In the above-described embodiment, the case where the user having the output authority for the keyword is determined (authenticated) has been described as a specific example in the case of outputting the document data of the confidential level “high”. Instead, for example, when outputting document data including confidential information of each confidential level (“high”, “medium”, and “low”), a user who has output authority for each confidential level keyword is determined (authentication). You may do it.

  FIG. 8 is a diagram illustrating an output management table stored in the user authentication DB 540. FIG. 8 associates a user having output authority, user authentication information of a user having output authority, and an output cancellation keyword. 4 illustrates a fourth output management table.

As illustrated in FIG. 8, the user authentication DB 540 includes a user having output authority and user authentication information given to the user having output authority (in this example, ID card data, IC card data, memory card data, fingerprints). Pattern data, fundus capillary pattern data, and output cancellation keywords) are stored in association with each other.
For example, ID card data a 3, IC card data a 4, memory card data a 5, fingerprint pattern data a 6, fundus capillary pattern data a 7, and output cancellation keyword “patent” are associated with the user a having the output authority. .

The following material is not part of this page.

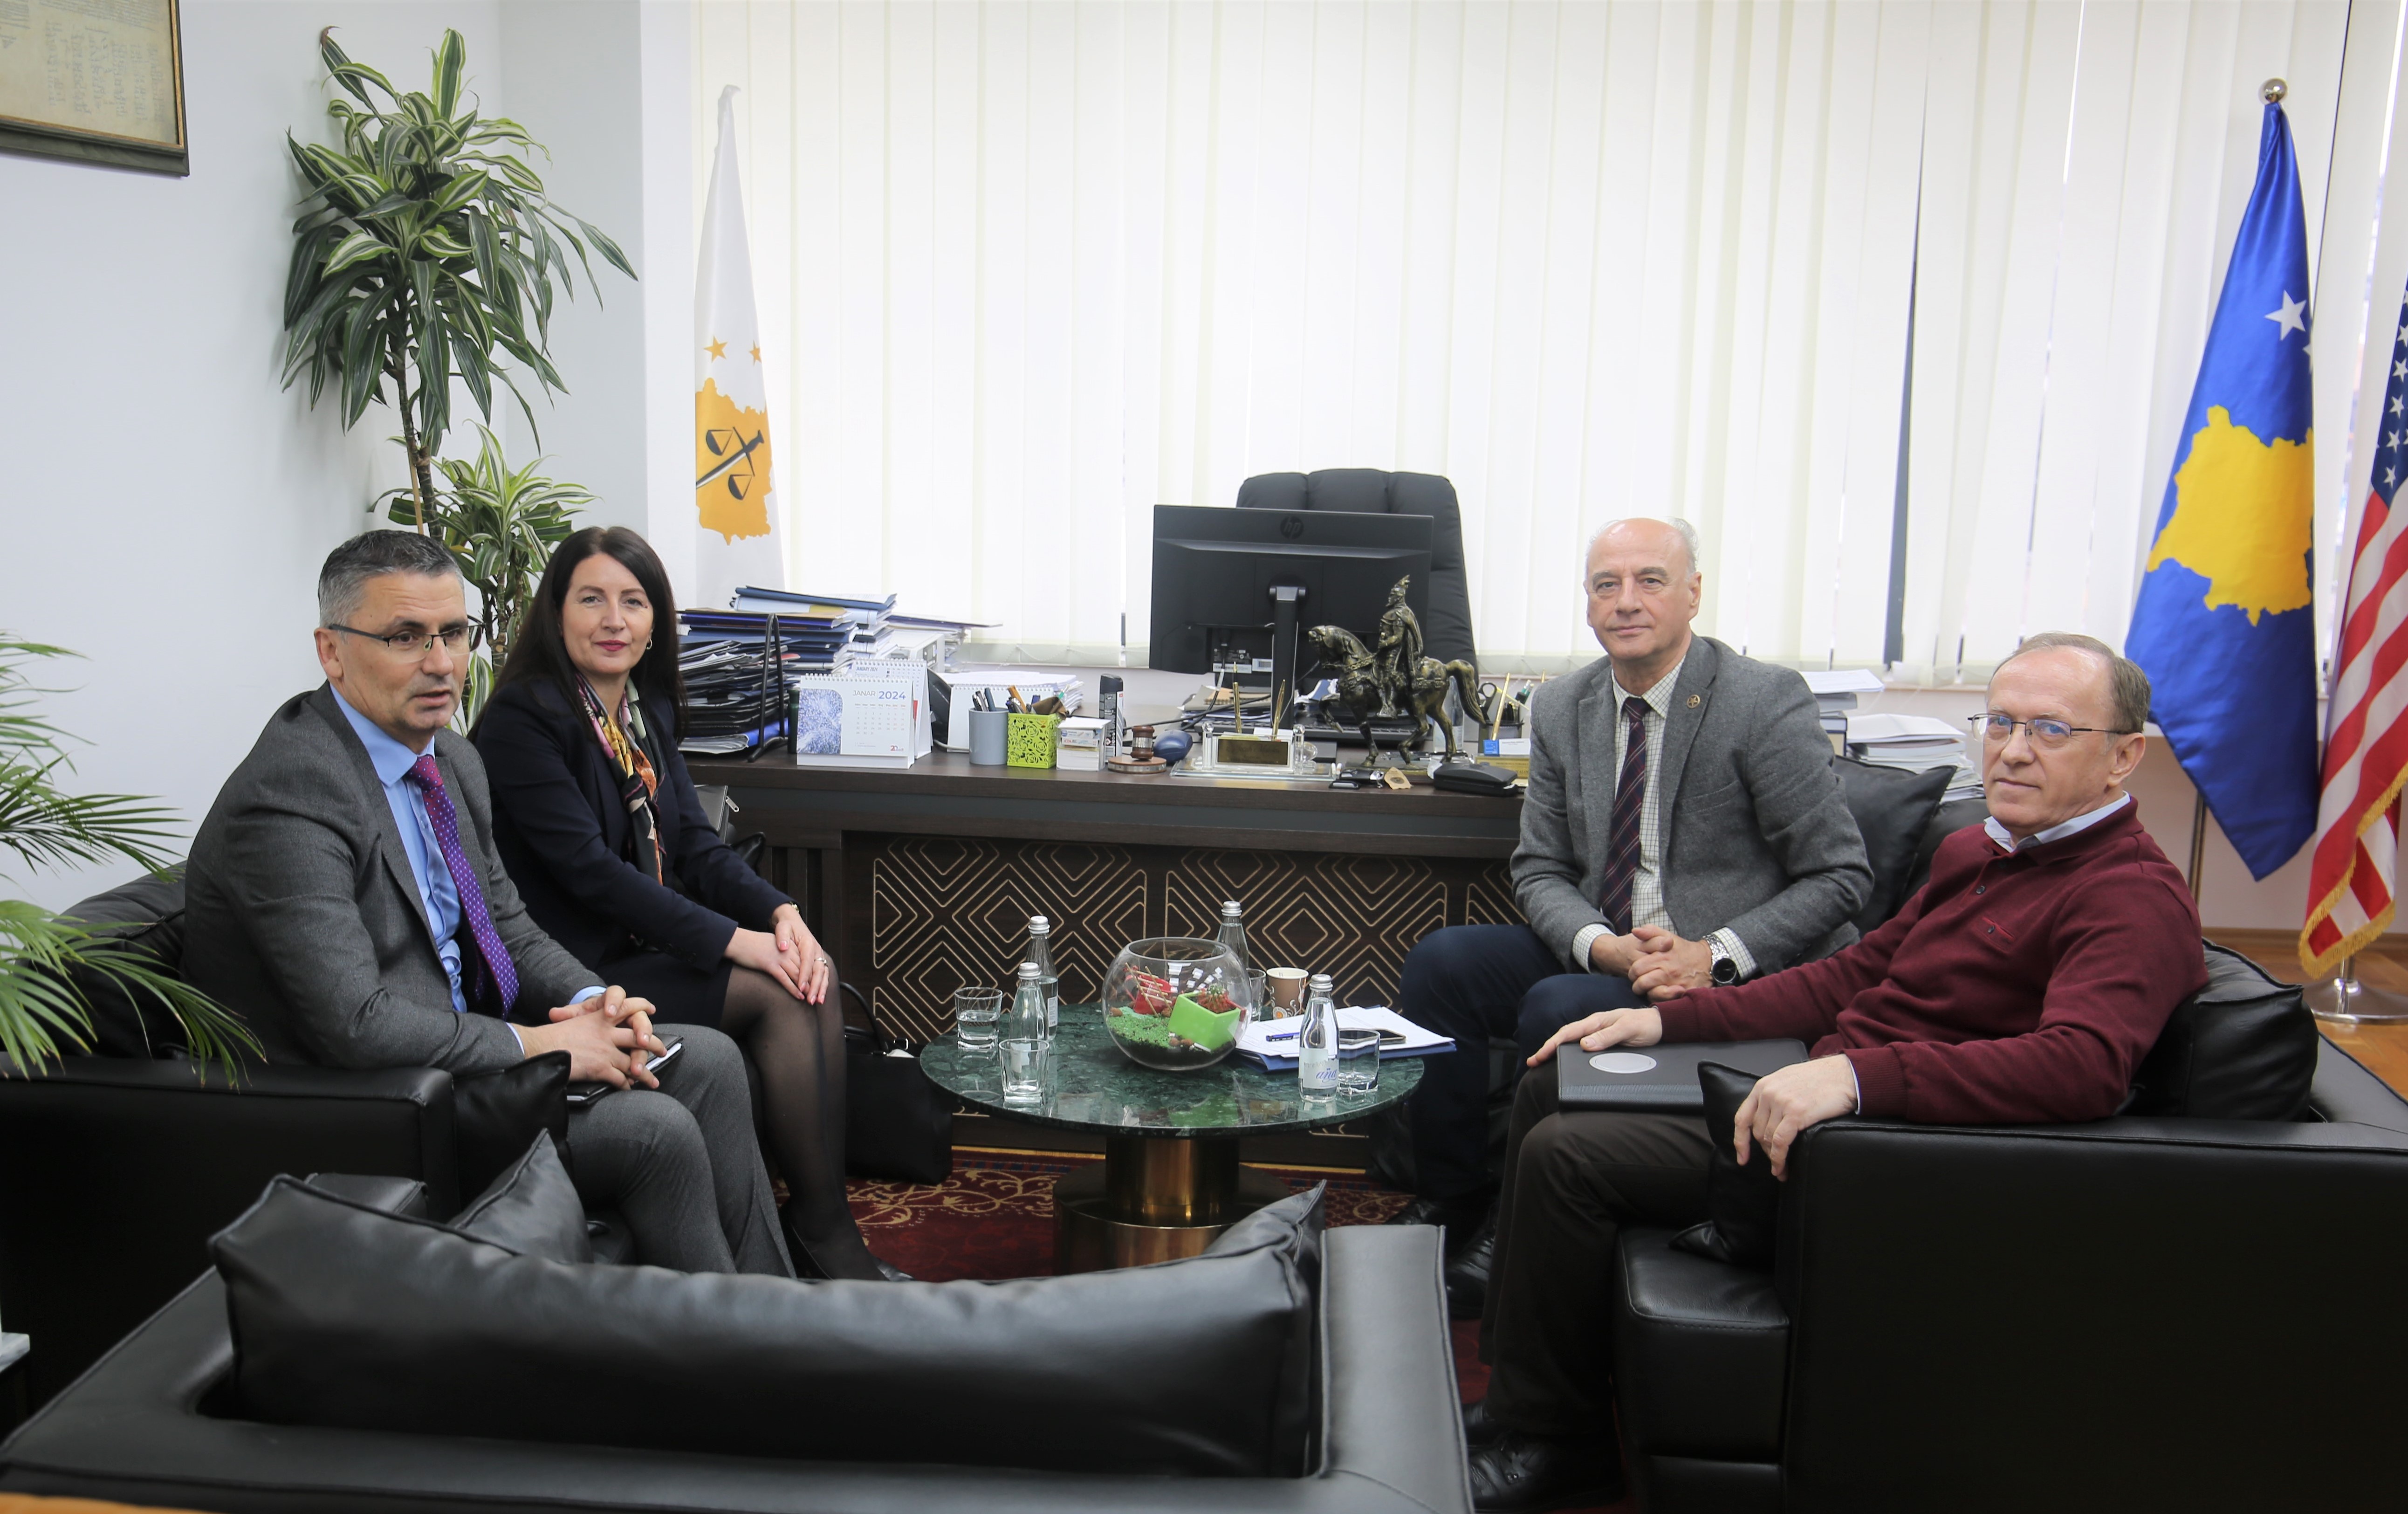 Chairman Maloku hosted the Auditor General, Vlora Spanca

  In this example, an ID card, an IC card, and a memory card in which user authentication information is stored are assigned in advance by a secret administrator or the like to a user who has output authority. Further, the fingerprint pattern and fundus capillary pattern of the user having the output authority are converted into electronic data (fingerprint pattern data and fundus capillary pattern data) in advance by a security administrator or the like and recorded in the user authentication DB 540 or the like. The output cancellation keyword is assigned to a user having an output authority from keywords stored in the keyword DB 520 in advance by a security administrator or the like.

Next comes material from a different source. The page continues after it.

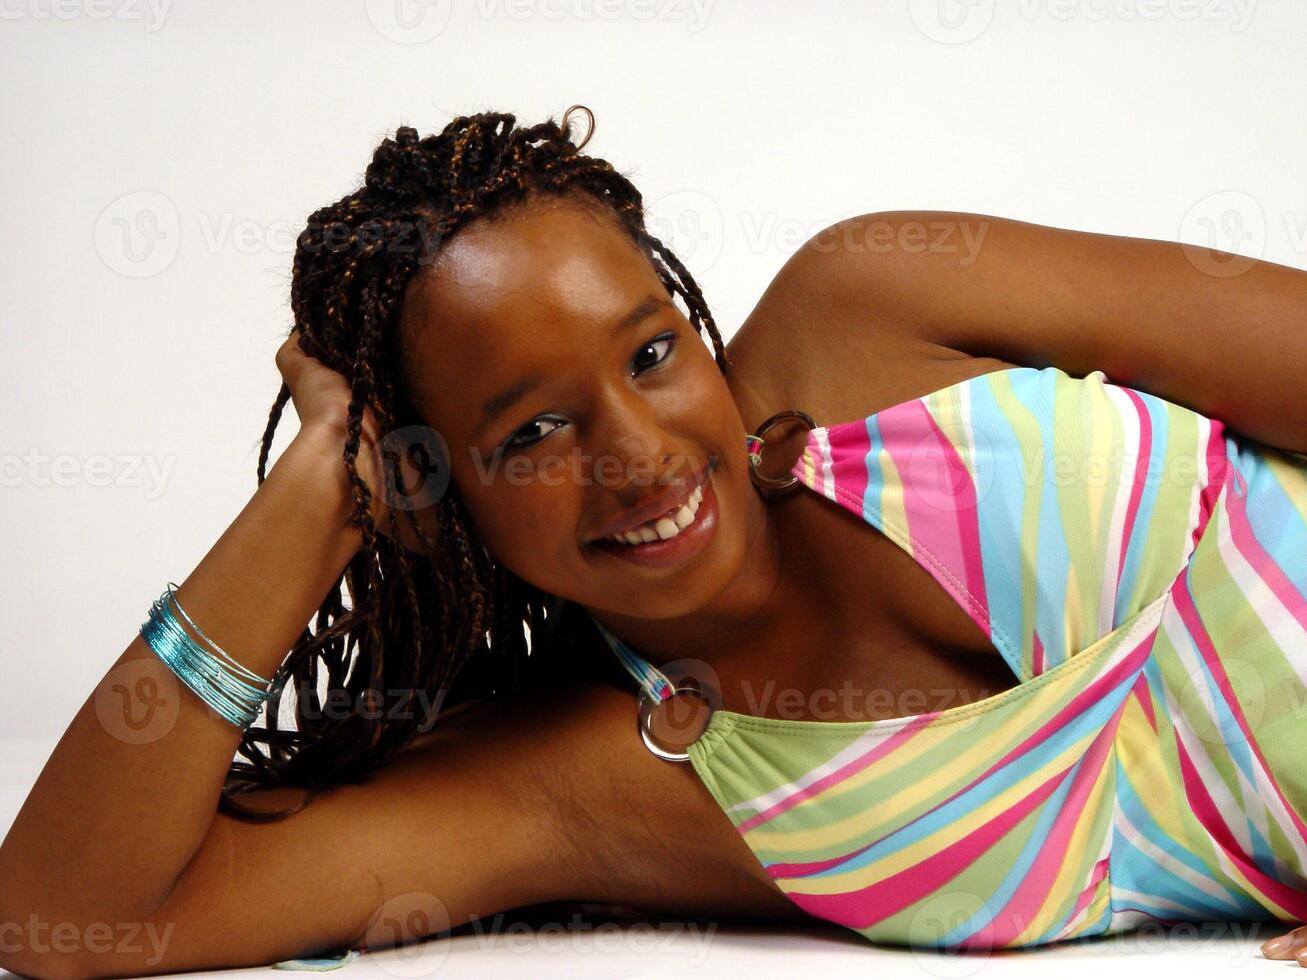 African American Teen Girl Reclining and Smiling Colorful Top photo

  FIG. 9 determines a user who has an output authority for each confidential level keyword when outputting document data including confidential information (keyword) of each confidential level (“high”, “medium”, and “low”). It is a flowchart explaining operation | movement (S14) of the output management program 5. FIG. Note that, in the processing in this figure, the same reference numerals are given to substantially the same processing as shown in FIG.

In step 100 (S100), a user who makes a print request for document data designates document data to be printed and performs a print request operation on the image processing apparatus 2.
The image processing apparatus 2 rasterizes the designated document data.
A character identification unit 510 of the output management program 5 (FIG. 3) performs character recognition processing using pattern matching or the like on rasterized document data, and identifies a character string included in the document.

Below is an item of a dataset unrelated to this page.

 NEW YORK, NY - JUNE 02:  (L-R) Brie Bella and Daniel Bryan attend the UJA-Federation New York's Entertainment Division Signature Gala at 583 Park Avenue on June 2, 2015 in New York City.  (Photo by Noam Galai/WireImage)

In step 105 (S105), the level determination unit 530 compares the character string identified by the character identification unit 510 with the keyword stored in the keyword DB 520, and in the document data requested to be printed, It is determined whether or not a registered keyword exists.
The output management program 5 proceeds to the process of S110 when the registered keyword exists in the document data requested to be printed, and proceeds to the process of S165 when the registered keyword does not exist.

In step 110 (S110), the level determination unit 530 further refers to the first output management table (FIG. 4) stored in the keyword DB 520 to determine the confidential level of the document data for which a print request has been made.
The output management program 5 proceeds to the process of S115 when it is determined that the security level is “high”, and shifts to the process of S190 when it is determined that the security level is “medium”. If it is determined to be “low”, the process proceeds to S205.

  In step 115 (S115), the output restriction unit 560 instructs the UI unit 570 to display warning information and an input screen. The UI unit 570 indicates that confidential information is included in the document data, and that any one of an ID card, an IC card, a memory card, a fingerprint pattern, and a fundus capillary pattern is required for printing. To display.

In step 120 (S120), the user uses the UI device 26 to input an ID card, IC card, memory card, or a fingerprint pattern or a fundus capillary pattern.
The user determination unit 550 refers to the user authentication data DB 540 to determine whether or not the user who requested the output is a user who has an output authority. That is, the user determination unit 550 refers to the fourth output management table (FIG. 8) stored in the user authentication DB 540 and performs authentication information (ID card, IC card, memory card, fingerprint pattern, It is determined whether or not the information matches any information of the fundus capillary pattern.
Furthermore, the user determination unit 550 determines whether or not the user who has requested the output has an output cancellation keyword assigned to the security level “high”. That is, it is determined whether or not the keyword identified in step 100 (S100) matches the output cancellation keyword assigned to the user.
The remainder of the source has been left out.